Elle repose sur l’adoption de pratiques agricoles adaptées aux conditions agroécologiques locales telles que: les techniques de conservation des eaux et des sols ( zaï, cordons pierreux, demi-lunes, banquettes) ; la restauration de la fertilité des sols par l’utilisation de la fumure organique et du compost. La valorisation agroécologique des déchets pré et post consommation en biofertilisants (compost, bokashi et biochar) ; le mulching ou le paillage comme, la jachère, améliorent la valorisation du système paysan et des semences adaptées aux conditions pédoclimatiques ; l’agroforesterie et la régénération naturelle assistée (RNA), favorisant la protection des sols et l’amélioration de la productivité.
Il faut aussi lutter contre la désertification et restauration des terres dégradées. « Des actions spécifiques de restauration écologique sont nécessaires pour inverser les processus de dégradation, notamment: le reboisement et l’enrichissement des formations végétales ; la fixation des dunes par des espèces adaptées ; la réhabilitation des terres dégradées à travers des travaux de récupération des sols. Ces actions contribuent à la reconstitution du couvert végétal et à la stabilisation des sols » a-t-il dit avec conviction.
Une gestion rationnelle de l’eau est essentielle pour réduire les formes de dégradation liées à l’érosion et à la salinisation. Elle inclut l’amélioration des systèmes d’irrigation et de drainage ; la maîtrise du ruissellement et la recharge des nappes phréatiques ; la protection des bassins versants et des zones humides. « L’implication des communautés locales est un facteur clé de succès. Les actions doivent viser: la formation et la sensibilisation des producteurs aux pratiques durables ; la valorisation des savoirs locaux ; la participation active des populations à la gestion des ressources naturelles » a-t-il estimé.
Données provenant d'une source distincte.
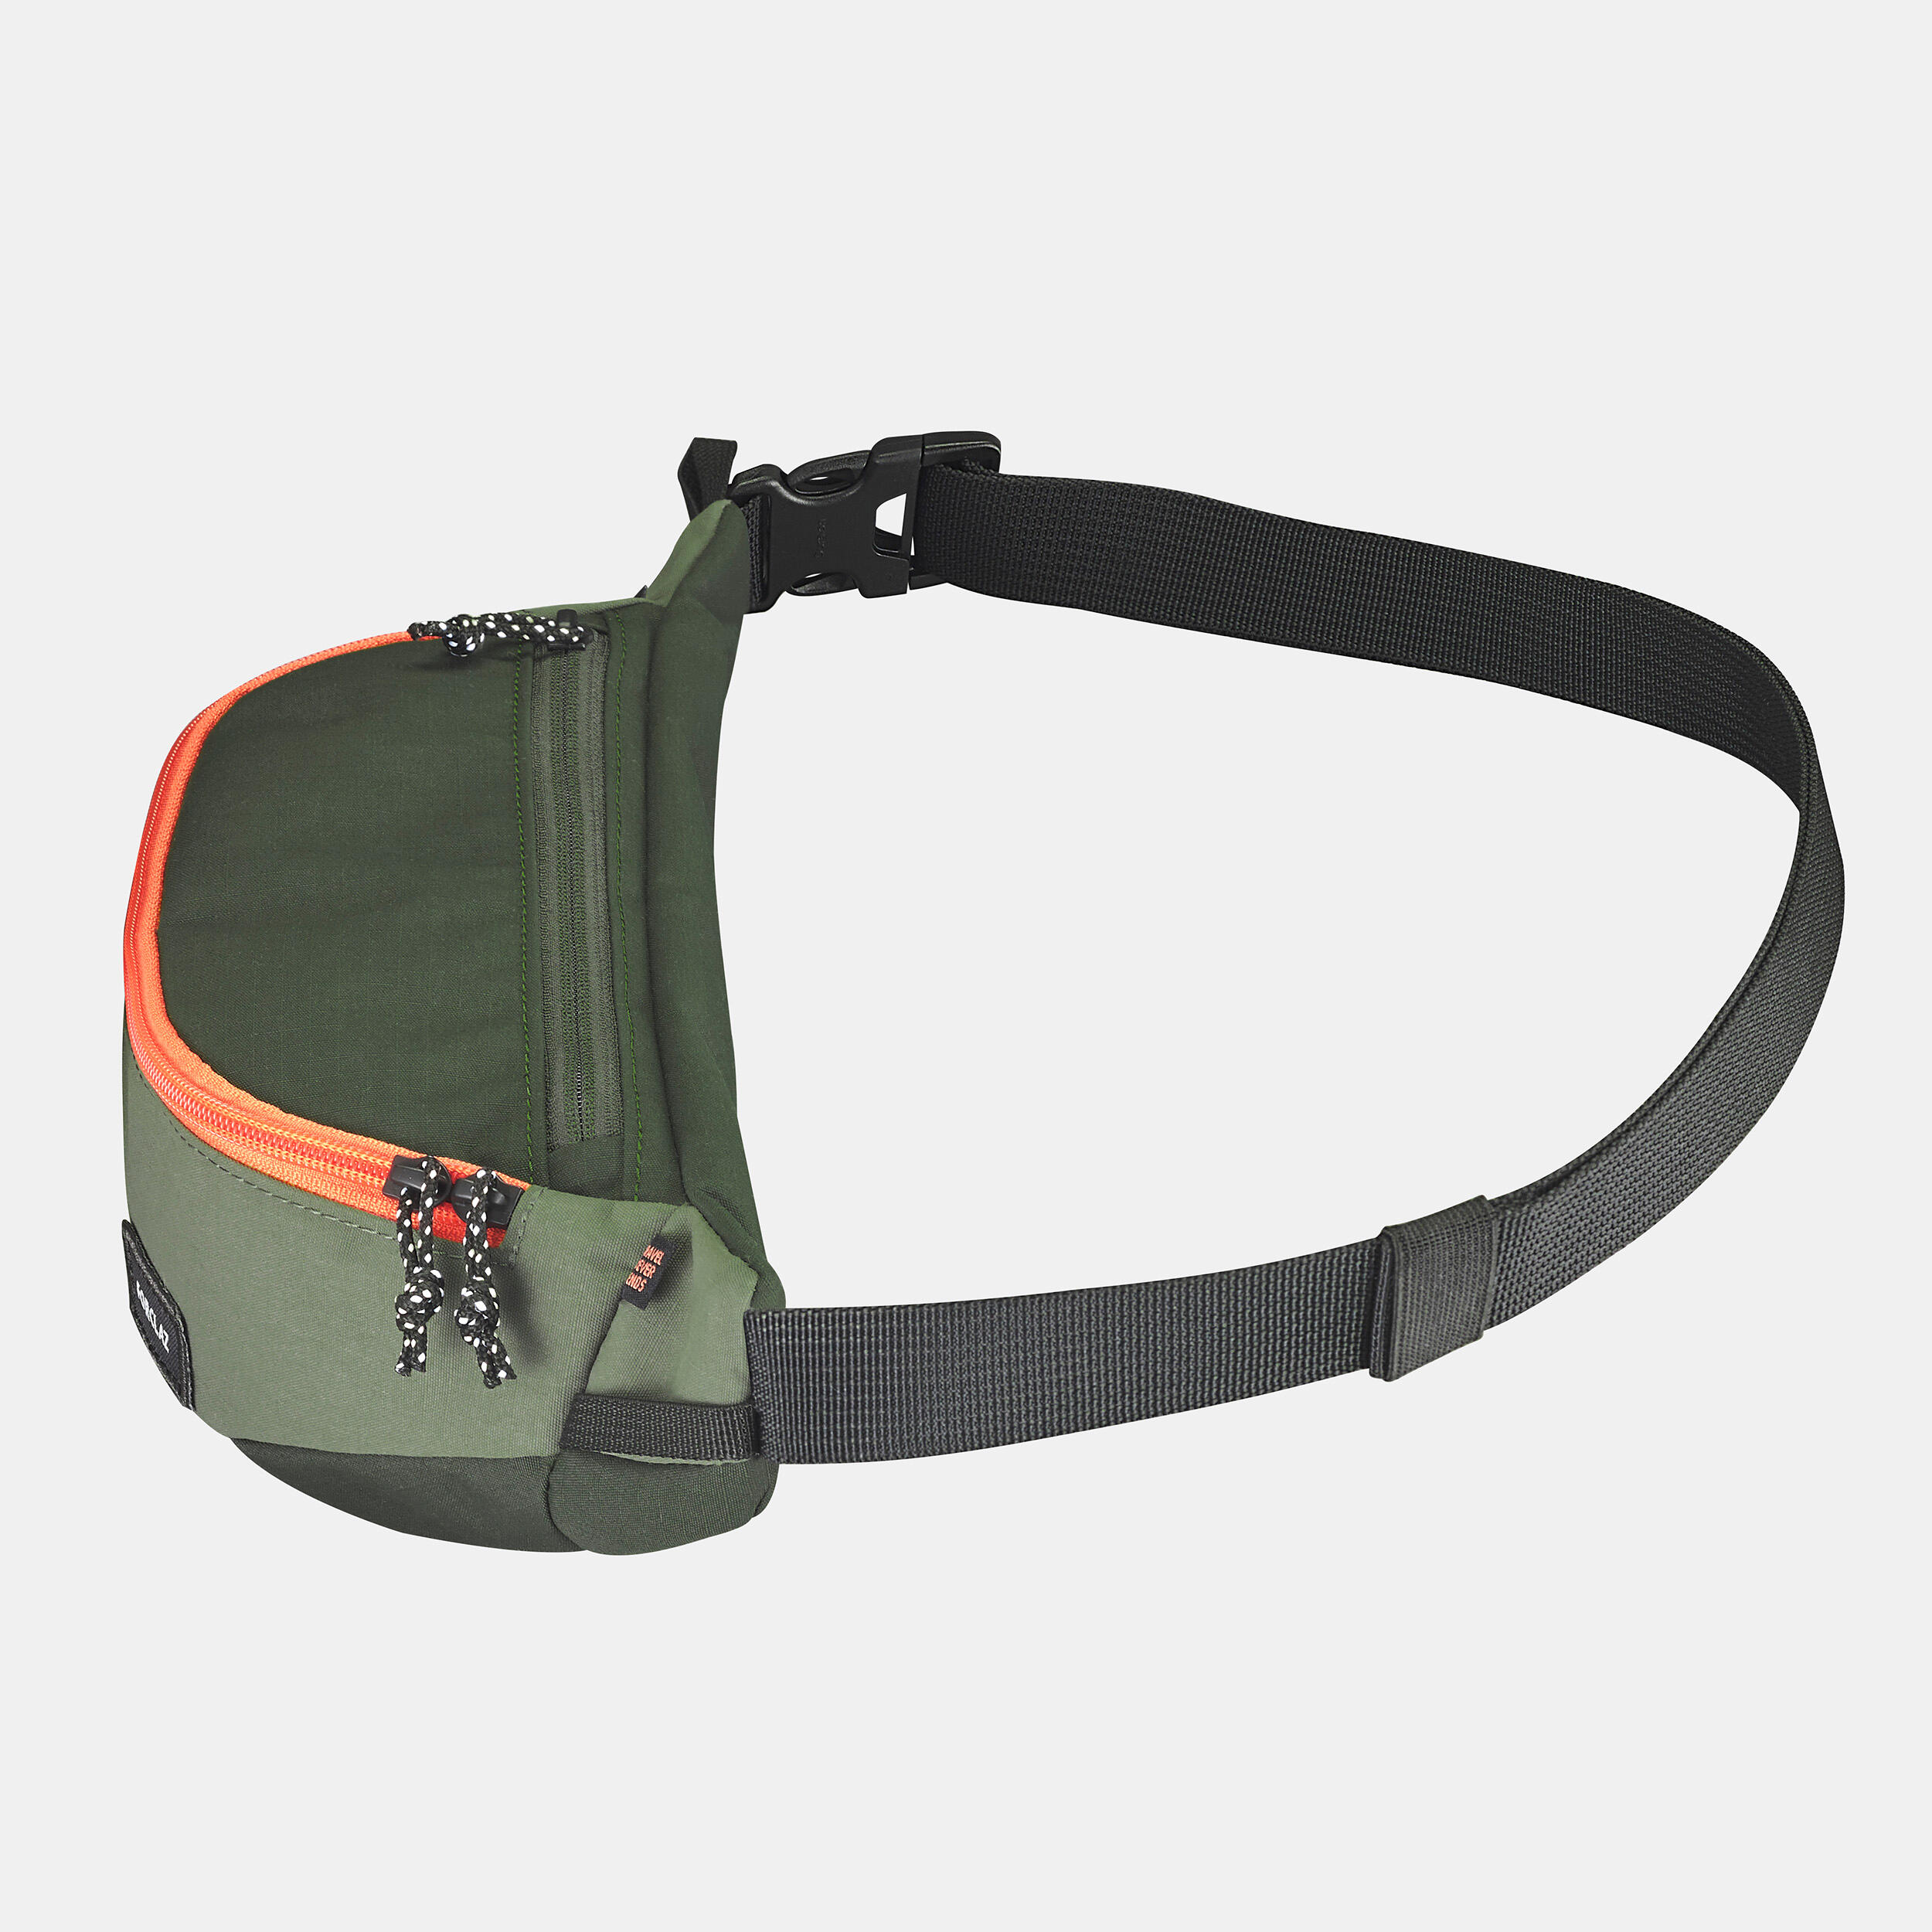 Hiking Accessories Ultracompact Belt Bag Grey  Now Buy Online In India On  DecathlonIn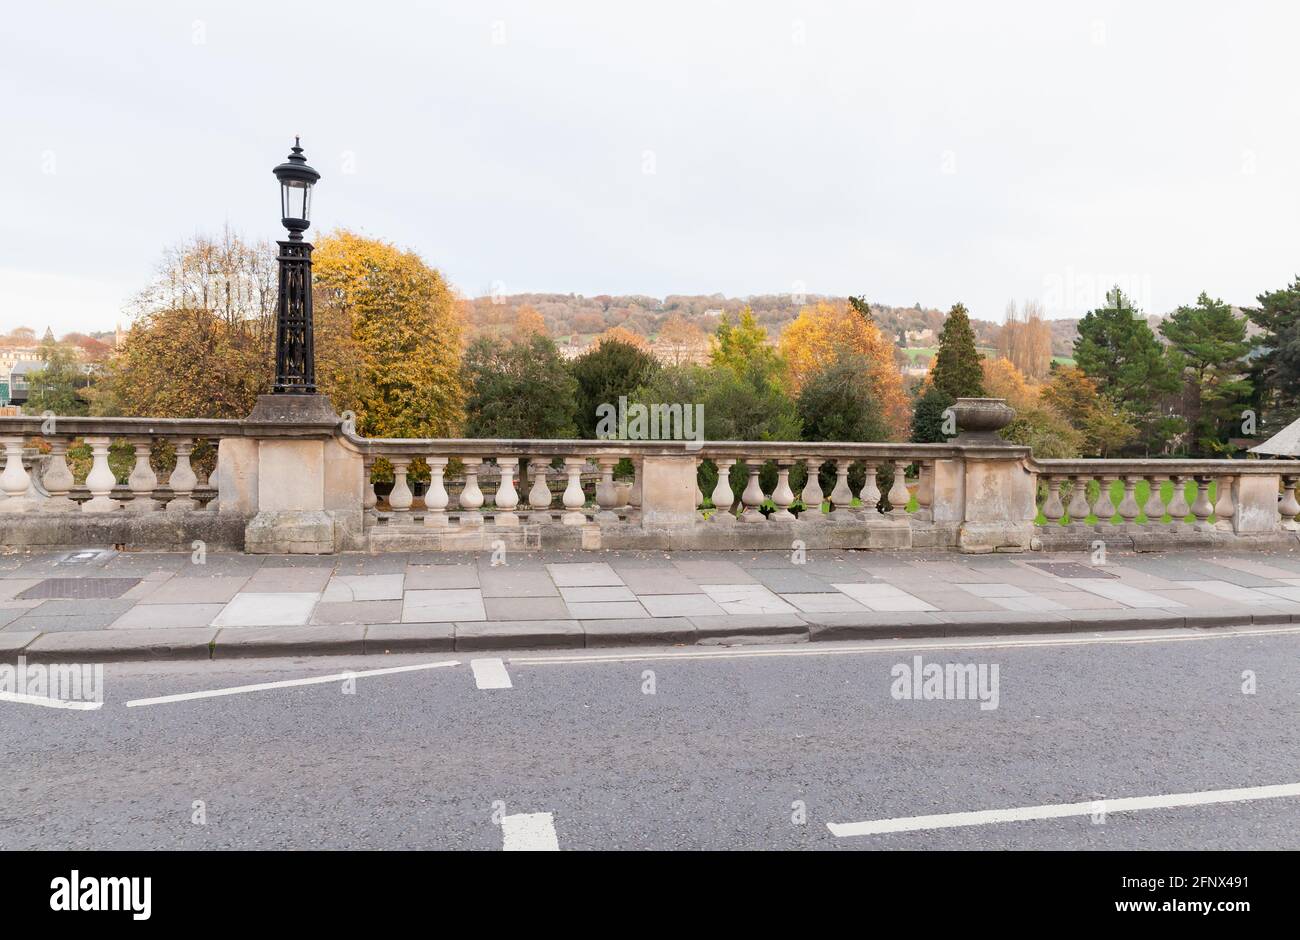 Grand Parade view with vintage street lamp and stone railings. Bath, Somerset. United Kingdom Stock Photo

« Enfin, la mise en œuvre de politiques publiques cohérentes est indispensable pour soutenir les actions de terrain. Cela comprend: l’application effective des politiques de gestion durable des terres ; l’intégration de la lutte contre la dégradation des terres dans les stratégies nationales de développement ; la coordination entre les acteurs institutionnels, techniques et financiers. Et la diversification des sources de revenus constitue une stratégie importante pour réduire la pression sur les terres, à travers: le développement d’activités génératrices de revenus non agricoles ; la promotion de systèmes de production résilients au climat ; l’accès au financement et aux technologies adaptées » a-t-il conclu.
La terre est une source vitale. Ainsi pour lutter contre la dégradation des terres, il est plus qu’urgent d’intensifier les activités de conservation des sols, de boisement et reboisement. Autrement, il faudrait prendre des mesures correctives, pour préserver la productivité des terres et réhabiliter les terres arides ayant subi une forte dégradation.